El montaje industrial tiene una peculiaridad que lo complica todo: el trabajo no pasa en tu casa. Pasa en la planta del cliente, en una obra a doscientos kilómetros, con equipos desplazados durante días o semanas. Y cuanto más lejos está el trabajo de la oficina, más se difumina el control: los partes se pierden, las horas se apuntan "de memoria" al volver, y el coste real llega tarde y descuadrado. Para este sector, el reto no es fabricar: es saber qué está pasando lejos.
El problema de la distancia
Cuando el equipo está desplazado, la oficina pierde visibilidad. Las preguntas de siempre se vuelven difíciles de responder:
- ¿Cuántas horas lleva el equipo en esta planta esta semana?
- ¿Vamos según lo previsto o nos estamos pasando?
- ¿Qué material y qué medios se han consumido allí?
Si la respuesta llega cuando el equipo vuelve y entrega los papeles, llega tarde. Un montaje puede haberse ido de presupuesto entero antes de que nadie en la oficina se entere.
La solución empieza en el bolsillo del montador
La clave para el montaje industrial es que el dato nazca allí donde se trabaja, no en la oficina días después. Que cada montador fiche sus horas desde el móvil, en la propia planta, imputadas al proyecto y a su partida. Así el coste real del montaje está al día aunque el equipo esté a cientos de kilómetros, y la oficina ve lo que pasa sin esperar al regreso.
Incidencias a distancia: la foto lo cambia todo
En montaje, los imprevistos son el pan de cada día: algo que no encaja, una preinstalación del cliente que no está como debía, un daño de transporte. A distancia, contar eso por teléfono es un lío. Reportar la incidencia con foto desde la planta deja constancia inmediata, sirve para reclamar y evita el "yo te avisé" cuando el sobrecoste hay que repartirlo.
El coste real, con la distancia incluida
El montaje desplazado arrastra costes que no siempre se contabilizan bien: desplazamientos, dietas, alojamiento, medios auxiliares en destino. Todo eso es coste del proyecto y debe imputarse a sus partidas, o el margen que calcules estará inflado. Un montaje "barato" en horas puede ser caro en logística, y solo lo ves si lo cuentas todo.

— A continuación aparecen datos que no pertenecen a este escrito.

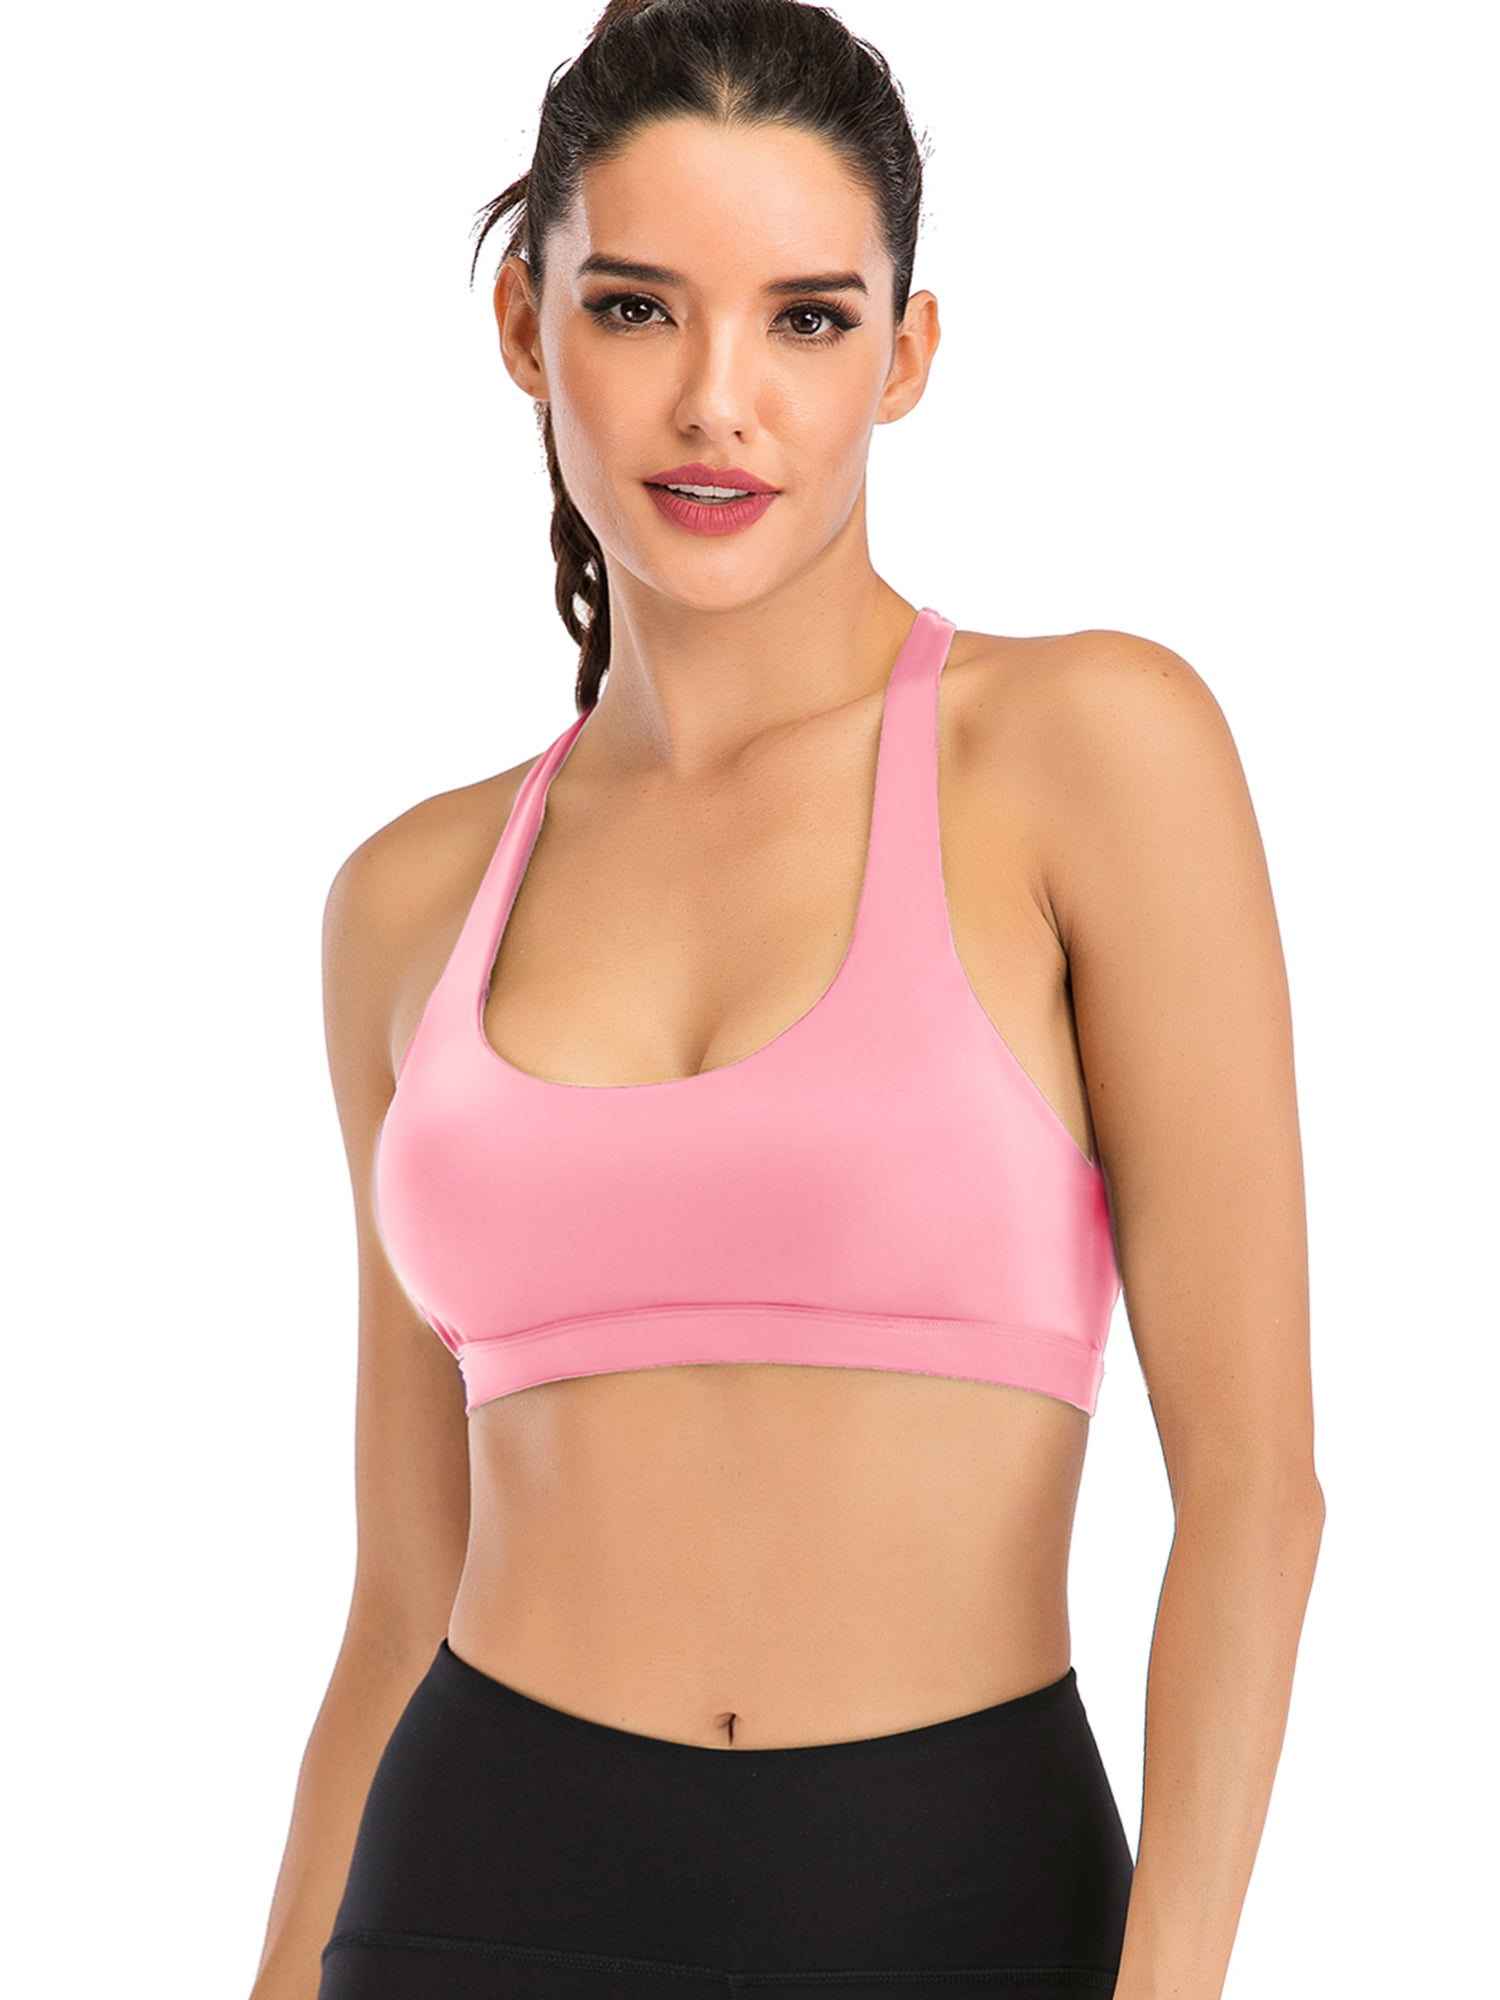 DODOING Women's Sports Bras Yoga Fitness Stretch Strappy Padded Activewear  Bras Workout Tank Top Vest Sports Bra

Ver la desviación sin estar allí
Con las horas y los costes llegando en tiempo real desde el campo, la oficina puede vigilar la desviación de cada montaje al día. Eso permite reaccionar a distancia: mandar refuerzo, renegociar un extra con el cliente, reorganizar el equipo, mientras el montaje sigue en marcha y aún se puede hacer algo.
En resumen
El montaje industrial se controla resolviendo el problema de la distancia: que el dato nazca en la planta del cliente, no en la oficina; que las horas, las incidencias y los costes lleguen en tiempo real; y que el coste incluya la logística del desplazamiento. Con eso, da igual dónde esté la obra: la ves como si la tuvieras en tu nave.